Появление на сцене Императорского театра драмы Кальдерона "Стойкий принц" в постановке Мейерхольда вызвало противоречивые отзывы. Непосредственным откликом на спектакль явилась рецензия А. Р. Кугеля в журнале "Театр и искусство", написанная в задиристо-фельетонном стиле. Критик считал, что "это был скучный спектакль". Виновником "скуки" был объявлен Мейерхольд. Отрицалась новизна режиссерского замысла, целесообразность постановки и интерпретации драмы Кальдерона. "Вместо духа — живого, какое-то стремление соригинальничать, да показать что-нибудь почудней — в пределах приличий, без чего, разумеется, нельзя в Александрийском театре"[257]. Отрицая оригинальность режиссерского замысла, критик отказывается видеть художественное единство спектакля: "Что же показал нам г. Мейерхольд? Реконструкция старинного театра? Неправда, это не реконструкция. Стилизация? Нет, и не стилизация! Просто собственное сочинение г. Мейерхольда, которое не могло быть ни ярче, ни острее, ни эффектнее, ни талантливее своего творца"[258].

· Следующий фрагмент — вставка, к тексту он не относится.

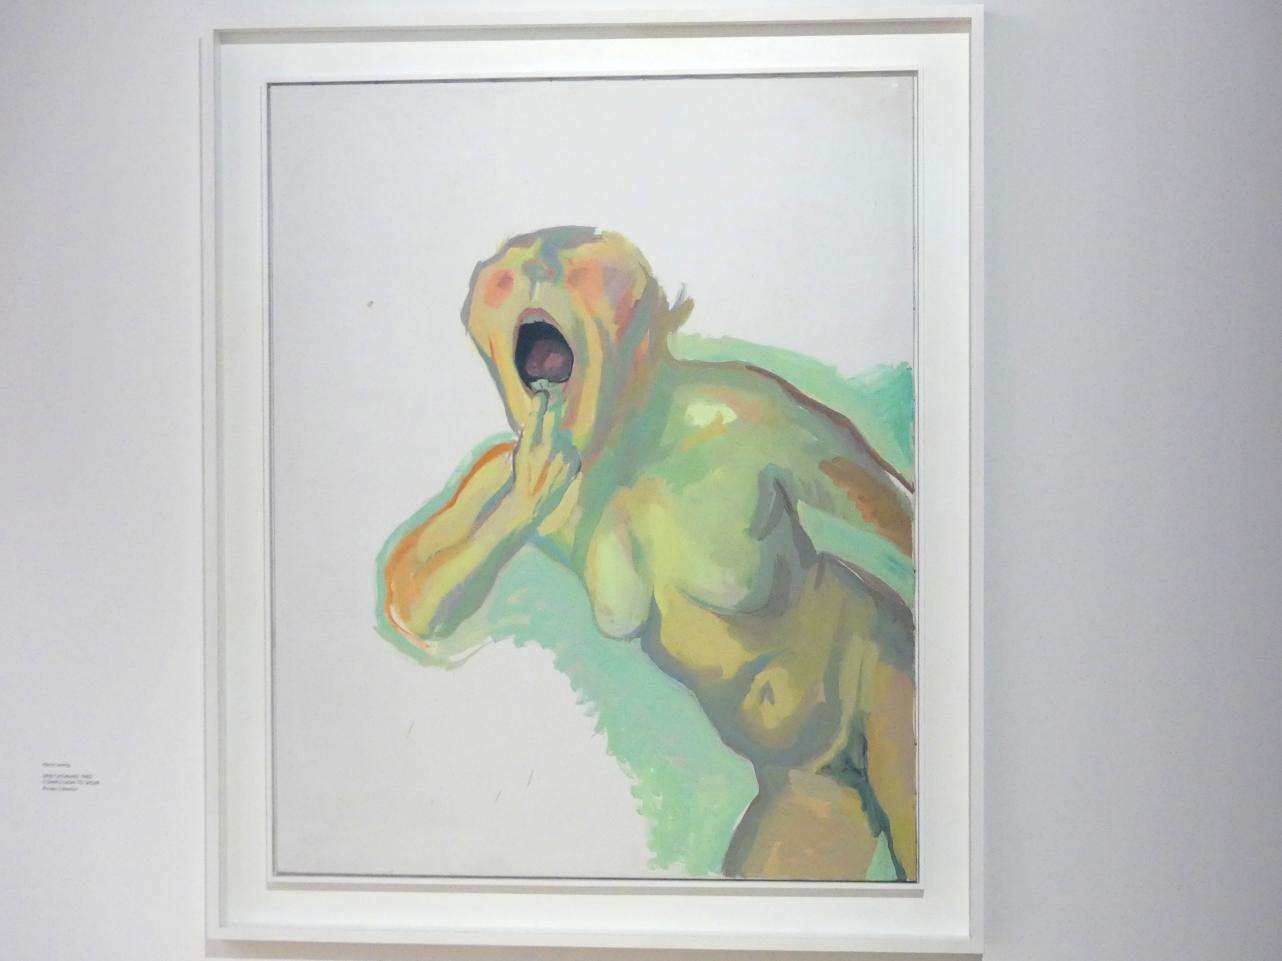 Maria Lassnig (1945–2011), Sprechzwang, München, Lenbachhaus, Kunstbau, Ausstellung "BODY CHECK" vom 21.05.-15.09.2019, 1980

Иронически отзывался рецензент и о смелом решении режиссера поручить заглавную роль принца — женщине (актрисе Г. Коваленской).

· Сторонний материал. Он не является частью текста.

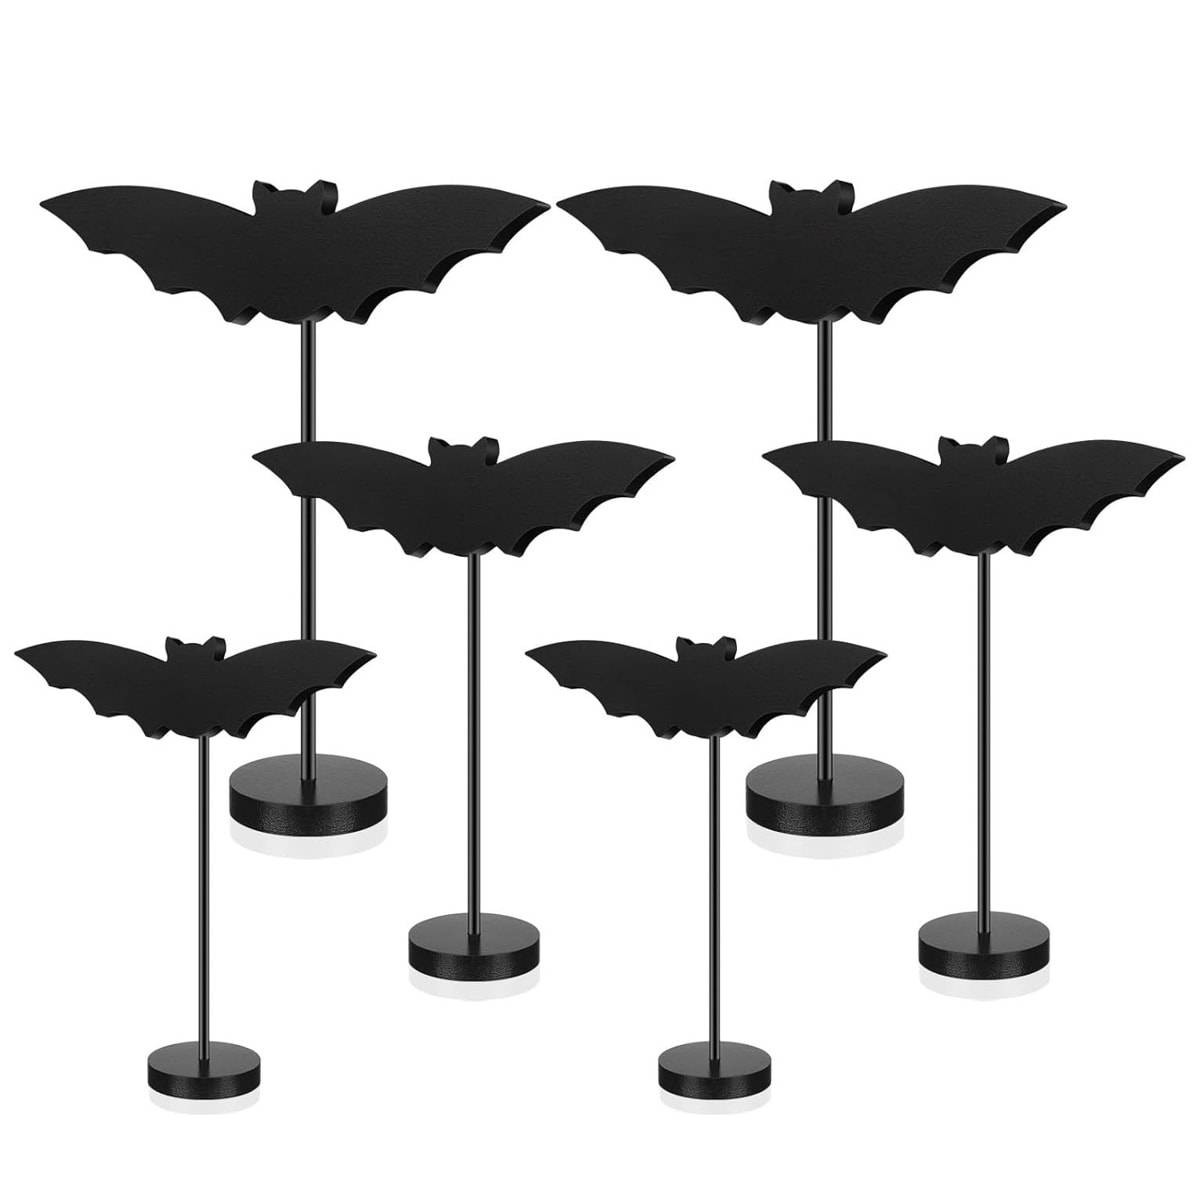 6 wooden bat centerpieces.

Критик не приемлет новое театральное искусство, ни МХТ, ни Мейерхольда. Отзыв театрального критика не был серьезной попыткой понять и раскрыть смысл и драмы Кальдерона, и ее театральной интерпретации. Естественно, эта статья вызвала ответную реакцию. В следующем, 1916 г., в журнале "Любовь к 3-м апельсинам" появилась серьезная статья молодого историка западной литературы В. М. Жирмунского, писавшего под псевдонимом Victor — "Художественная идея постановки". Автор раскрывает идейное содержание драмы Кальдерона, которое получило верное воплощение в режиссерском решении.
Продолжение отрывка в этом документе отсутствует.